Transformations

When should I use a DuckDB transformation?

Understand what a DuckDB transformation is in Keboola, why it is fast and cost-effective for small-to-medium analytics, and when to choose it over Snowflake.

A DuckDB transformation runs your SQL in DuckDB, an in-process analytical (OLAP) database, while Keboola maps data to and from Storage. This page explains what that means and when DuckDB is the right choice. To build one, follow the how-to; for all settings, see the reference.

What it is

DuckDB runs in-process — there is no external database server to provision. It uses columnar storage optimized for analytical queries, runs independent scripts within a block in parallel (with automatic dependency analysis), and ships a rich SQL dialect with modern conveniences. For Keboola that makes it a fast, low-overhead, cost-effective backend for small-to-medium analytics.

Like every transformation, it works on an isolated copy of your data: input mapping stages your Storage tables, your SQL runs against them, and output mapping writes results back.

Why DuckDB

In-process execution — no warehouse to spin up; low overhead and fast startup.
Columnar + parallel — efficient on analytical (SELECT-heavy) workloads.
Cost-effective — a cheaper alternative to cloud warehouses for datasets up to a few terabytes.
Rich SQL — quality-of-life extensions (GROUP BY ALL, EXCLUDE, ASOF JOIN, SUMMARIZE); see the reference.

When to use DuckDB vs. Snowflake

Choose DuckDB for

Ad-hoc analysis and small-to-medium datasets (under a few TB)
Rapid prototyping, development, and testing
Projects with limited budgets

Choose Snowflake for

Very large datasets (TB+) and complex enterprise workloads
Sharing a warehouse across multiple processes
Maximum scalability and Snowflake-specific features

Migrating existing Snowflake transformations? See the Snowflake to DuckDB migration guide.

What DuckDB is not

DuckDB is an OLAP database optimized for SELECT and analytical queries. Avoid workflows with frequent INSERT/UPDATE operations — for transactional workloads, use a different backend such as Snowflake.

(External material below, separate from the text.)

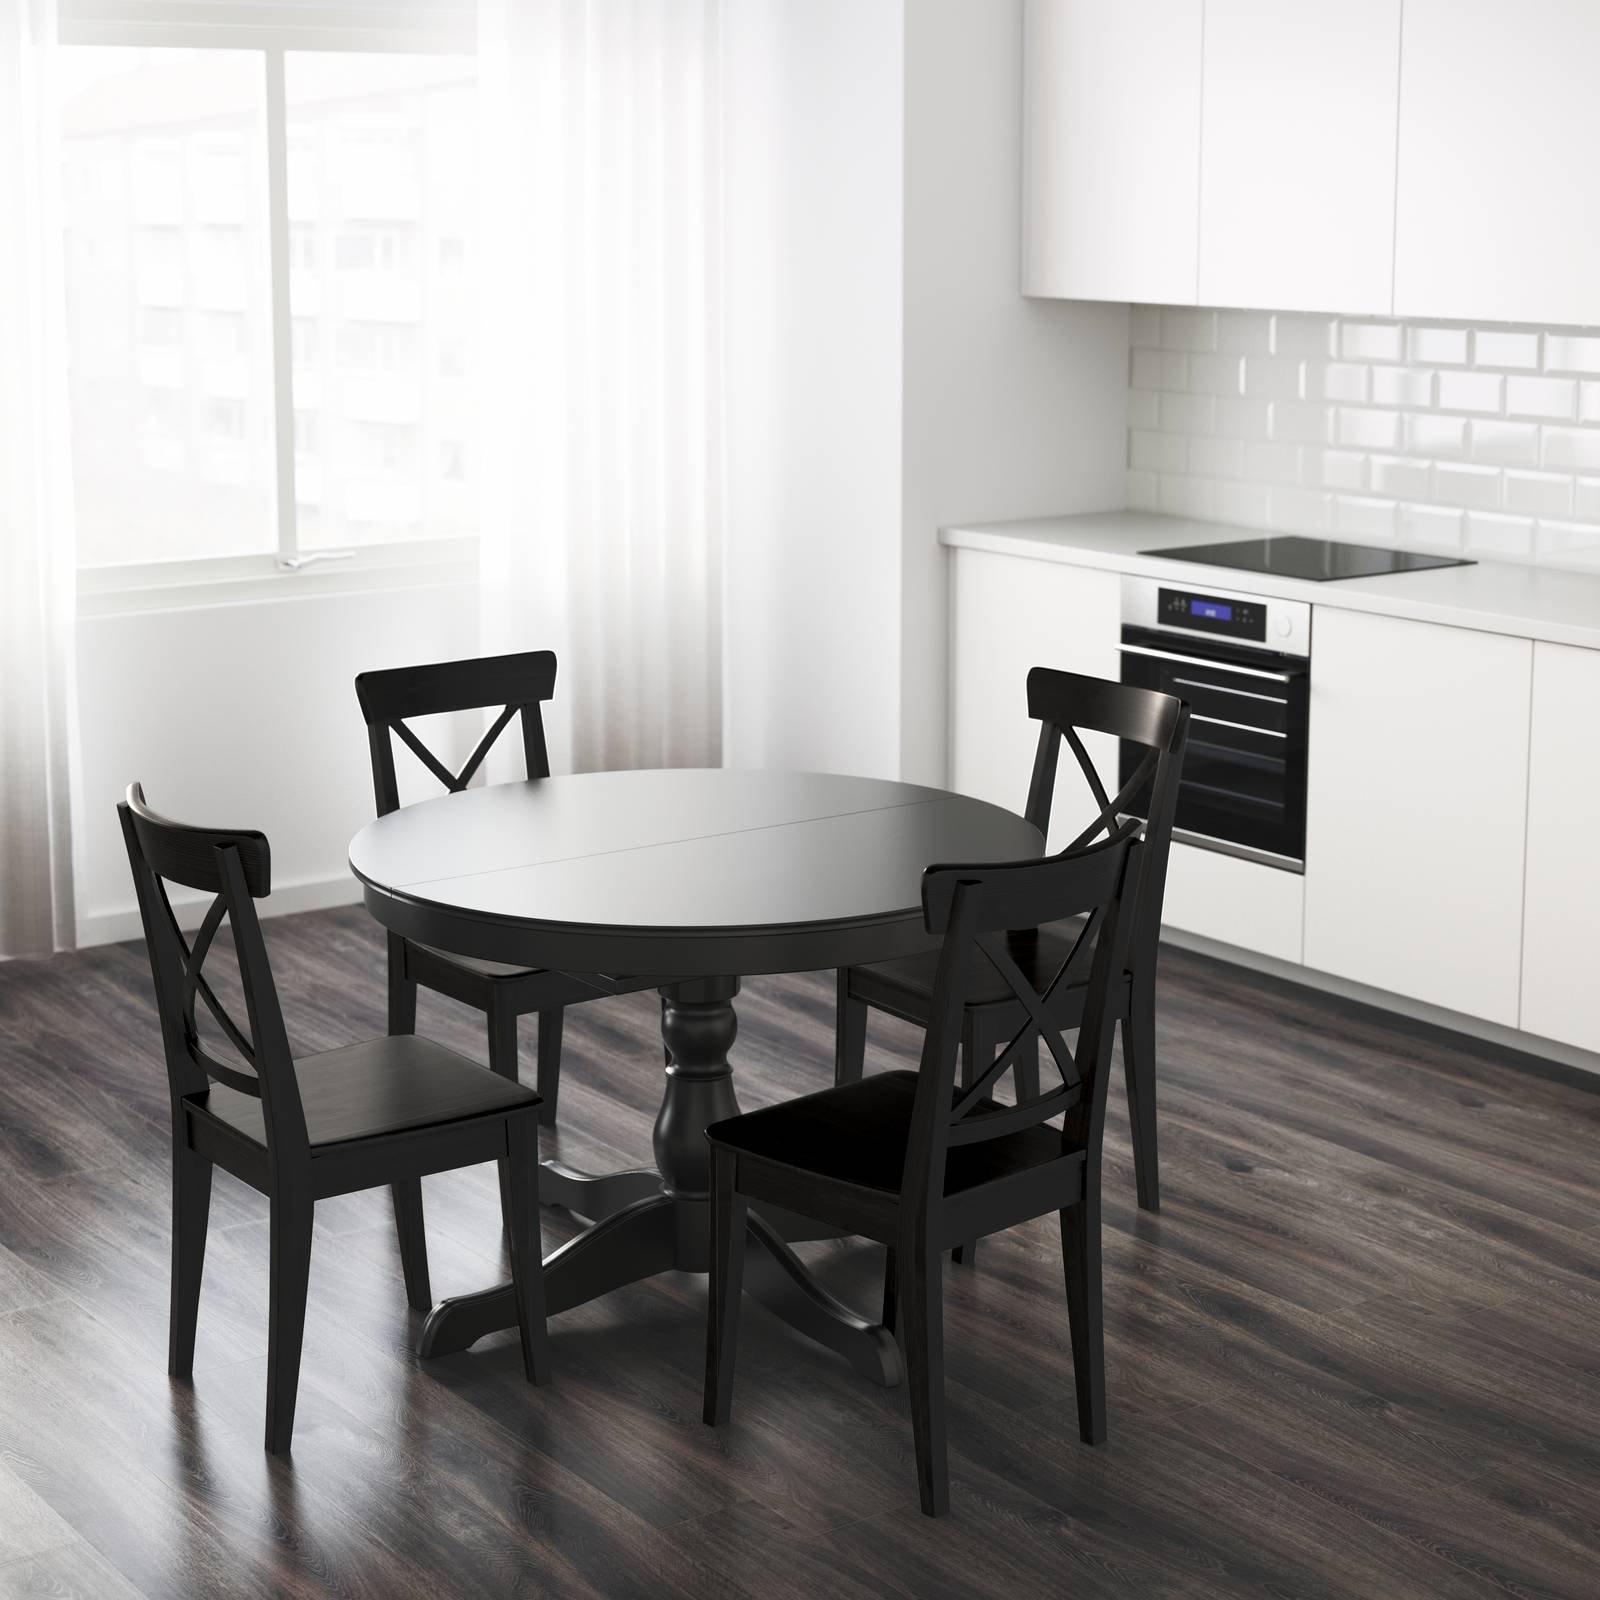 Tavolo Da Esterno Allungabile Ikea.Tavolo Rotondo Allungabile Contemporaneo Classico In Stile
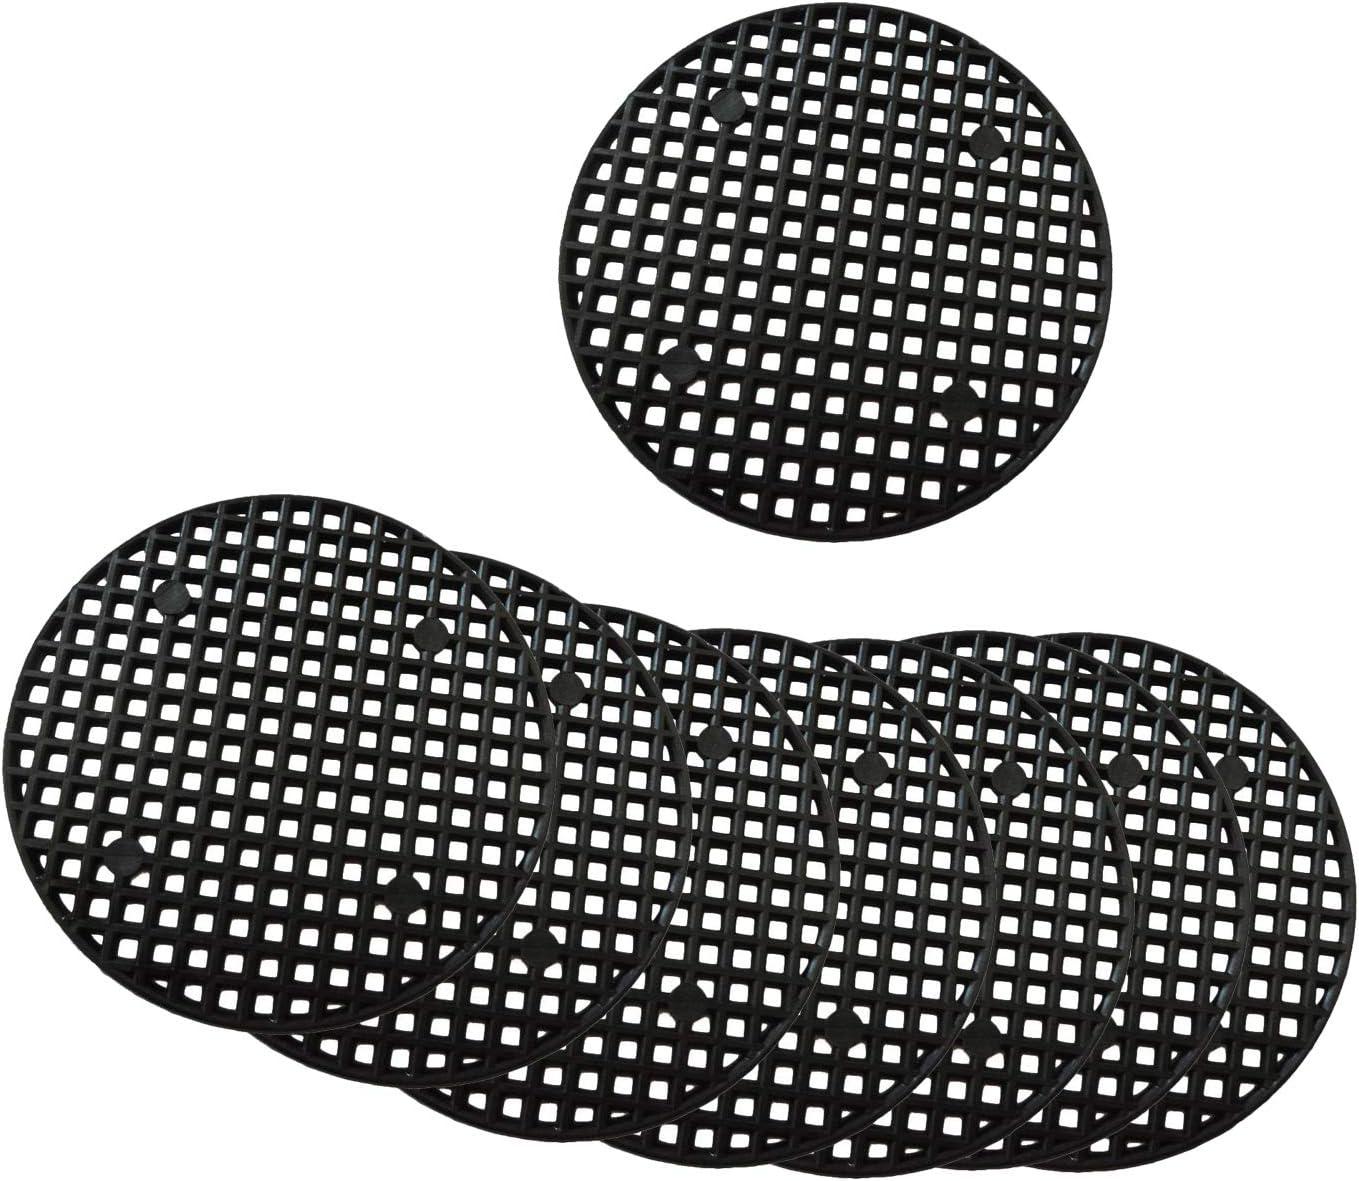 GreeStore - 50 almohadillas de malla para maceta, malla para drenaje de jardín, malla transpirable, 4,5 cm, color negro

Designing maintainable transformations

Split complex transformations into smaller steps, each producing one output table.
Use consistent naming for output tables (for example, stg_customers, fact_orders, dim_products).
Document non-obvious business logic directly in the SQL.

Because scripts within a block run in parallel based on a dependency graph, organizing logic into clear blocks lets the engine optimize execution for you — see block-based orchestration.